Karena itu Ketua IDI, Dr. Zaenal Abidin menegaskan & mendesak pemerintah untuk memperbaiki regulasi & wahana kesehatan yang belum lengkap kepada beberapa wilayah.
"Kelangsungan tenaga kesehatan & fasilitas kesehatan harus dijamin beroperasi memakai baik. IDI masih menganggap kalau iuran terlalu rendah. Kami tidak ingin BPJS colaps, akan tetapi porto ini sangat memilih," kata Zaenal yang ditemui kepada kantor BPJS Kesehatan, Cempaka Putih, Jakarta, Kamis (2/1/2014).

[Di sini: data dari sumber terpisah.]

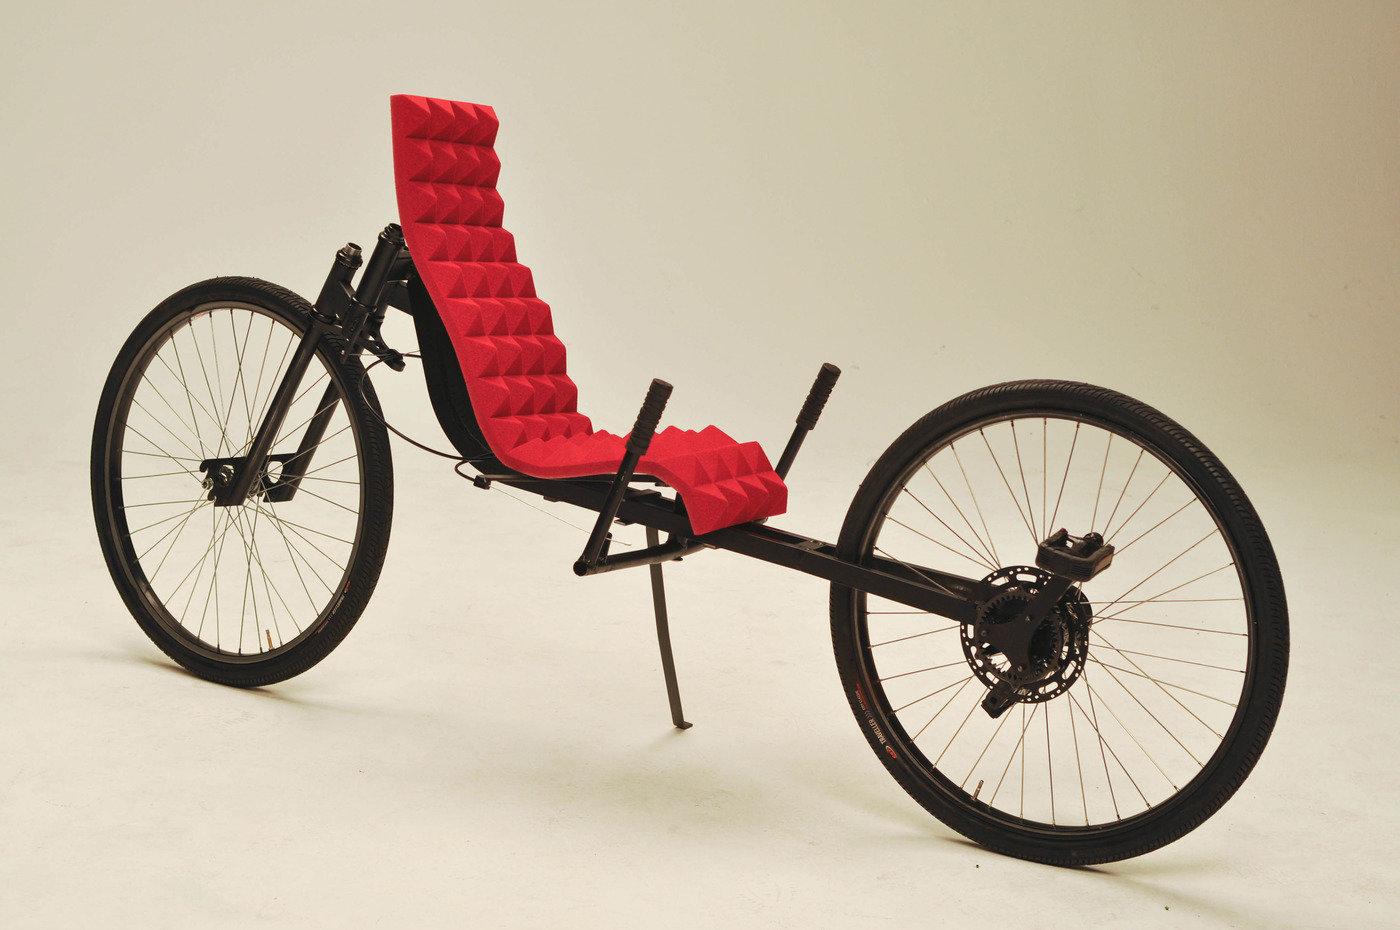 Rws Recumbent Bike By Mohsen Saleh At Coroflot Com

Menurut Zaenal, regulasi yang baik akan mendukung praktik kedokteran yang baik. Dan dari segi perlindungan hukum, regulasi pun harus timbul perlindungan hukumnya.
Untuk itu, IDI berharap BPJS bisa mengajak semua profesi kepada dalamnya mirip IDI, IBI (Ikatan bidan Indonesia), PDGI (Persatuan Dokter Gigi Indonesia), Persi (Persatuan Rumah Sakit Seluruh Indonesia) dan IAI ( Ikatan Apoteker Indonesia) supaya ikut melakukan pengenalan ke wilayah.
"Jangan buat kecewa rakyat, sekali kita menciptakan kekecewaan, maka kita akan mengurangi kepercayaan mereka," jelasnya.
(Fit/Abd)
*Bagi Knda yang ingin mengetahui yang akan terjadi ujian CPNS 2013 silakan klik kepada cpns.liputan6.com
Baca juga:
Syarat Daftar Jadi Peserta JKN
Perbedaan Asuransi Sosial & Komersial
Angka Kematian Bayi kepada Indonesia Masih Tinggi, Apa Sebabnya?
Pemilik KJS kepada Jakarta Tidak Bisa Dobel Klaim Kalau Ada JKN
Sistem Layanan Kesehatan Berjenjang dalam JKN, Apakah Itu?
Begini Cara Daftar JKN untuk Peserta Perorangan!